The second group is built-in predicates for such operations as arithmetic operations and input/output operations[6]. Since the execution of them is performed determinately, their object codes can be represented in compact forms like conventional machine instructions. These built-in predicates are introduced not only to enhance the efficiency of frequently used operations but also to be able to include such primitive operations as register handling and direct memory manipulations used in the operating system.

Consequently the PSI machine instruction set has two types in its internal object forms. The first one corresponds to user-defined clauses. Actually, such a clause is compiled into the sequence of several internal object forms according to source clause definition. PSI interprets that sequence as a machine instruction on the whole. The others correspond to built-in predicates. Basically, a built-in predicate is compiled into one internal machine form.

# 4.2 Internal Object Forms

A KL0 program is translated into the corresponding internal object form described above. How to represent data and clause is shown in this section.

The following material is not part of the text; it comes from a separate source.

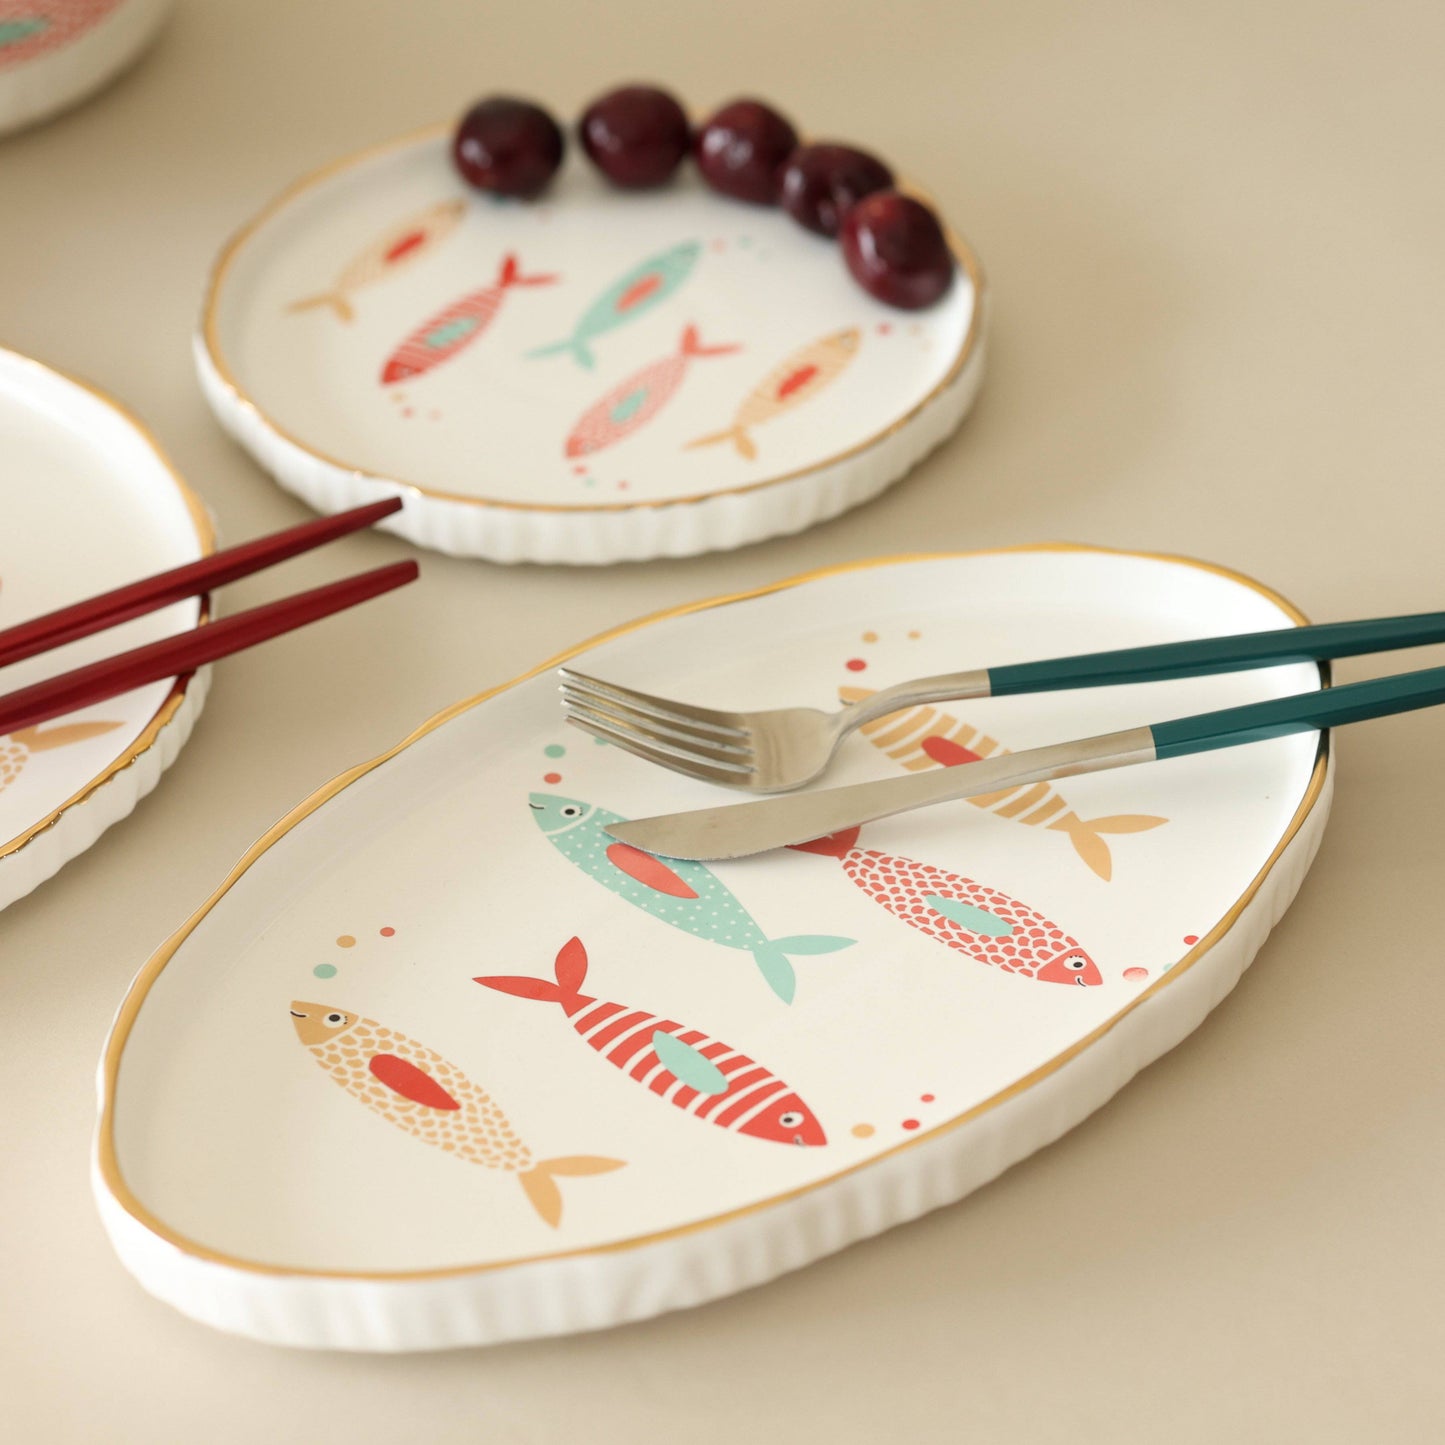 Gezellig Ceramic Oval Rice Plate | Pasta Platter

4.2.1 Internal Data Representation

Through examining PSI machine architecture, providing it with enough ability for increasing requirements from application areas is considered. At least 32 bits are necessary for representing sufficient magnitude of numbers and addressing space. In result, PSI employs a 40 bit word representation as shown in Figure 3. The upper 8 bits represent tag bits (tag part), and the remaining 32 bits represent the data itself (data part). 2 bits of the tag part are used by the garbage collector and the remaining 6 bits indicate the type of data included in the data part.



Figure 3. word format

PSI has several internal data types corresponding to ones in KL0. The visible data types for user are listed below:

o symbol o integer o real o vector o string o local variable o global variable o void variable

(a) Symbol

This indicates the identifier of an atom. In the data part, the symbol number corresponding to an atom is stored. The printing image of an atom is managed by the operating system. So there is no direct relation between the symbol number and its printing characters.

(b) Integer, Real.

These are numerical data on PSI. The value of them is stored in the data part.

(c) Vector

A vector is a block of continuous memory slots, and is used to represent various structured data such as binary trees. As shown in Figure 4, a vector is usually accessed by way of its descriptor. However, this representation always needs an extra memory access whenever a vector is accessed. Since it is supposed that the vector which has a few elements is frequently used in programs, the direct vector type is introduced in order to effectively access such vectors. The conventional list structure is an example, and its representation is shown in Figure 5. Comparing the performance of the structure sharing[7] with that of the copying strategy on structured data handling, PSI employs the structure sharing method similar to the DEC-10 Prolog. Therefore the structured data are manipulated as the pair of a structure (representing in a vector) and its values (located in the global stack). This address pair is called a molecule.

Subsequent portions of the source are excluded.